Things kept accelerating. A week later they had to intubate her. A few days later, while I was spending my first few hours at home in several days, her Dr. called me with an update. He said "This is it Erik. This is as far as her lungs will take her. We need to evaluate her for transplant. We're working on transferring her to Penn". It was always in the back of our minds. We knew transplant was the CF end game. But it wasn’t supposed to be now. It wasn't supposed to happen with no warning.

On May 30th they performed a tracheotomy to help stabilize Mar on the ventilator. At this point they had her in a medically induced coma so that she wouldn't fight the vent while it was breathing for her. The evening of May 30th she was transferred to Penn to start the lung transplant evaluation process. The next few days were a whirlwind of tests, questions, talking to drs, being terrified. On Thursdays all of the transplant team gets together to discuss pending cases, including Mar's. After the meeting, the CF transplant Dr came to us and said he had good news. Mar was approved for transplant and would be officially listed the next day. It was good news that she was listed, but at the same time seemed to be the final slamming of the door on any faint chance we might have imagined existed that we would get through this without a transplant.

Mary was listed for transplant the next day. She was listed at/near the top of the list for the region - meaning she was probably first in line, but also bringing home the point of just how sick she was. She was close to dying.
Less than 24 hours later, at 7:30am on Saturday June 10th, the Dr came in and told us they may have already found a match. Late Saturday night they took Mar for overnight surgery. As they wheeled her down the hallway to go to the OR, Mary's parents and I watched, and waved, and tried to smile to reassure her. She smiled back and gave us a thumbs up - to calm us down and because she was more prepared for this than any of us were.

Early Sunday morning the surgeon came to the waiting room, where we had "slept" as best we could, and told us the surgery was a success.
I will fast forward through the months of inpatient recovery and rehab. There were - and will be - lots of bumps along the way. Mar was inpatient for 68 days. She went through months of rehab. She had to learn to walk again. In January she had a major complication and was back on a ventilator for a few days. She’s had all kinds of ups and downs. Oh yeah, and then she was diagnosed with a type of cancer that can happen in transplant patients.

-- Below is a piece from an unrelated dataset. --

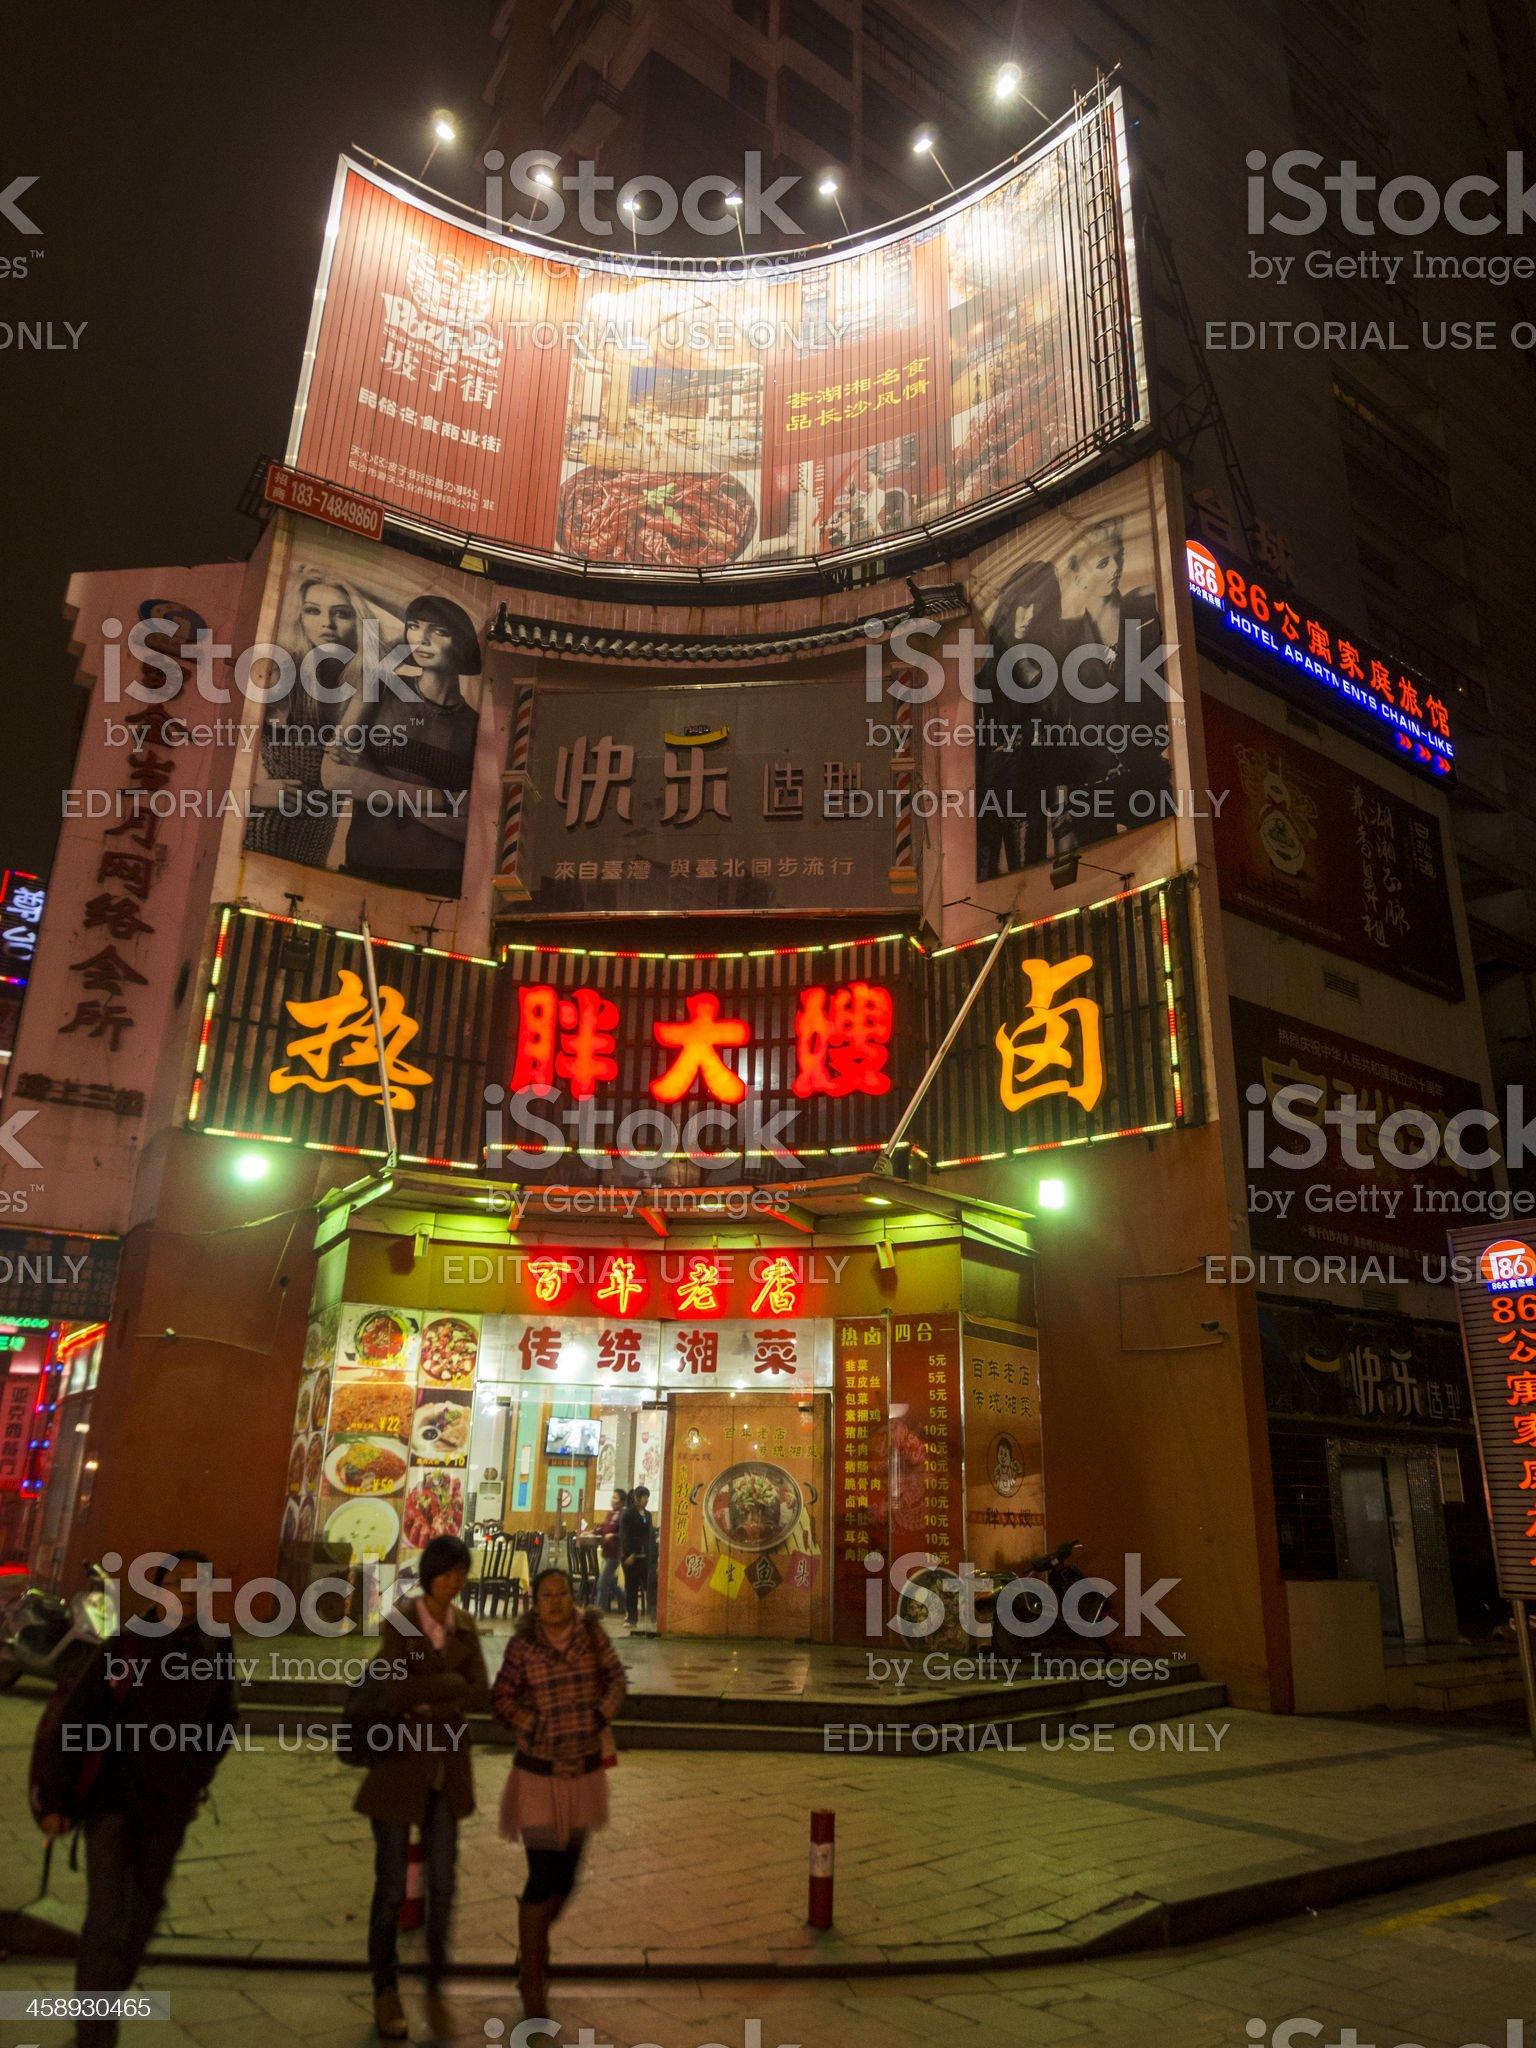 Hotpot restaurant, Changsha China royalty-free stock photo

But Mar is alive. She is back home with me, and our cats and rabbits. She is back to work. She’s running again (up to 6 miles!). In October we are going on a vacation to Utah where we will go HIKING. She is kicking ass.

Without the hard work and dedication of the clinical staff, the support of our friends and family, the donations that support the research and science that make it all possible, and of course the selfless decision of Mary's donor and their family, Mar would not be alive today.